A key concept when developing recipes is that they should be idempotent. For those unfamiliar with the term, an idempotent operation is an operation that can be applied multiple times and have the same outcome. Consider the following recipe:
user "smith" do action :create system true comment "Agent Smith" uid 1000 gid "agents" home "/home/matrix" shell "/bin/zsh" end
One would expect, from looking at this recipe, that Chef should be able to execute it once, five times, or one thousand times, and it would have the same effect as the initial application of the recipe. There would not be five or one thousand users on the host with the login name smith
; there would be only one single user with the login name smith
. Also, in all the runs, it would be constructed with the same UID 1000, the same group name, and so on.
Similarly, given a particular state of the system and assuming nothing has changed in between runs, subsequent client executions should produce the same, consistent ending state. In short, the Chef client should be able to run two times in a row, and if the configuration has not been updated, the system should look exactly the same after the second run as after the first run.
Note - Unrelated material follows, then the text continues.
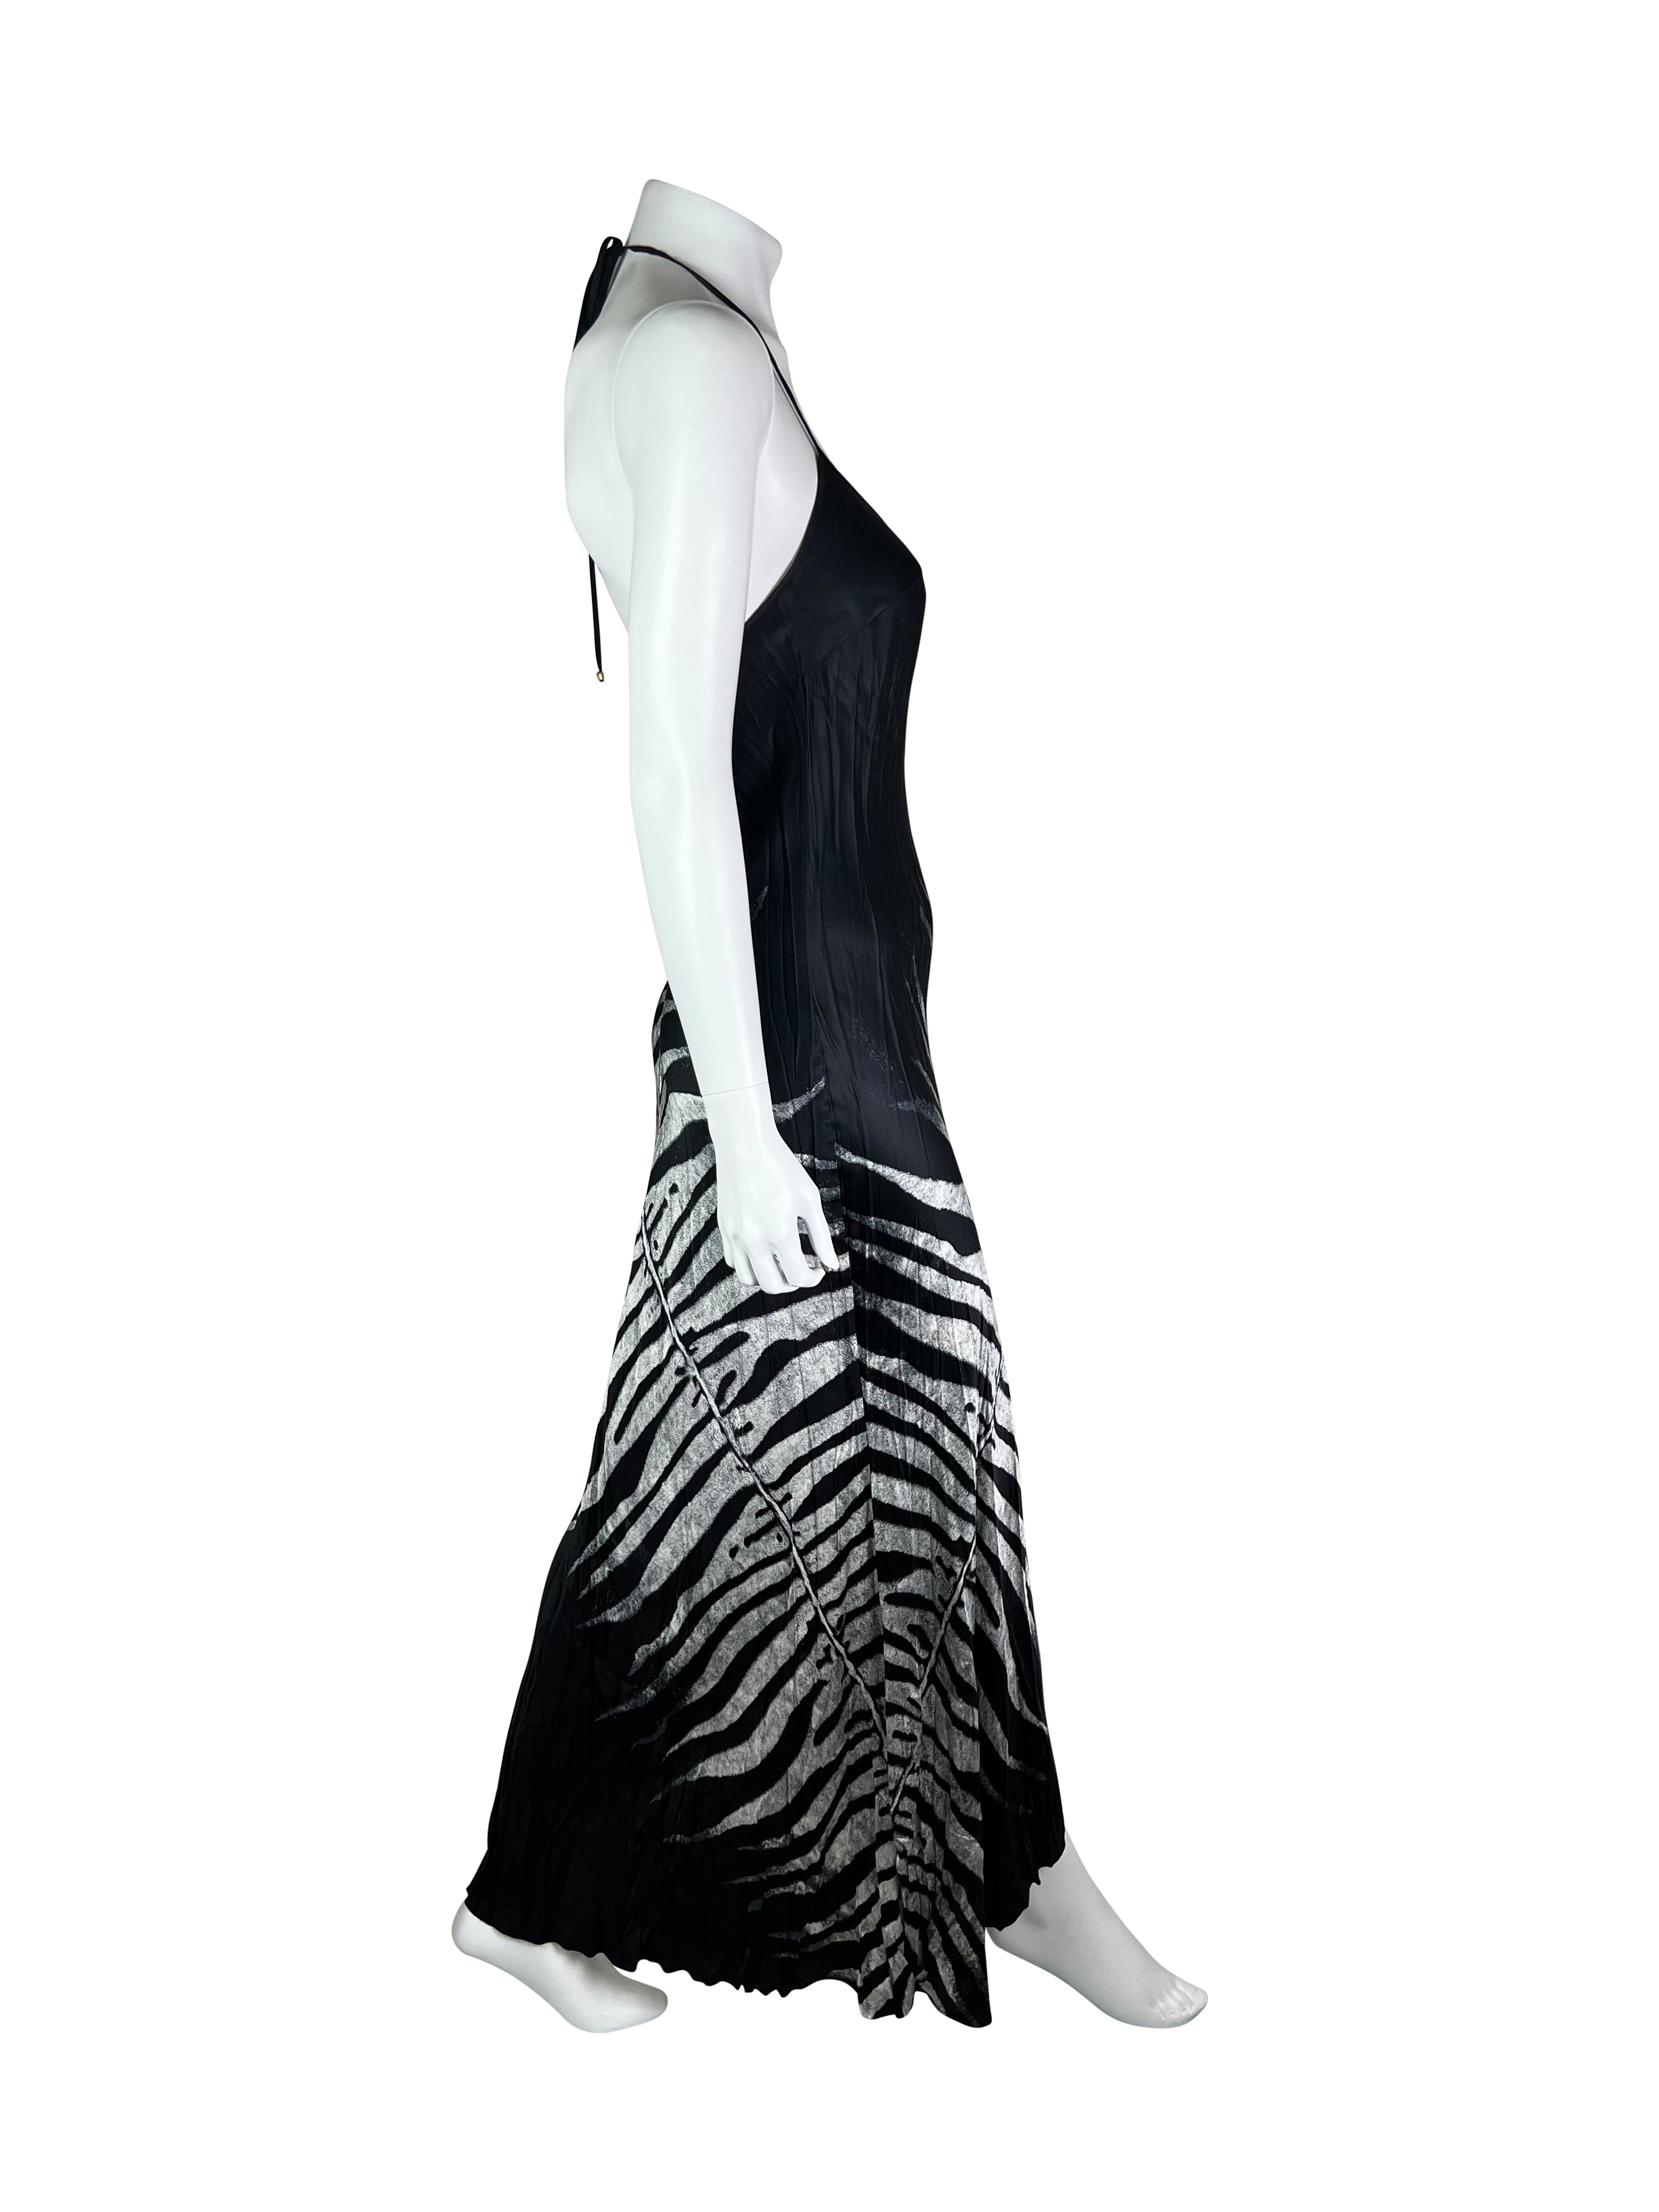 Roberto Cavalli Spring 2000 Printed Silk Dress

Recipes use provided configuration data along with the current state of the host to determine the flow and actions taken by the script. The execution of a recipe will take the system from its initial state, Sintial, to its new state, Sfinal. Well-written recipes should be idempotent such that if they're executed immediately afterwards any number of times with no configuration or stat changes, then the system should go from Sfinal to the same Sfinal with no new changes to the system. This allows you to keep your systems in a consistent state at all times, assuming that nothing goes wrong during the execution of those operations; if something does go wrong, you should be able to revert to a previously known good state.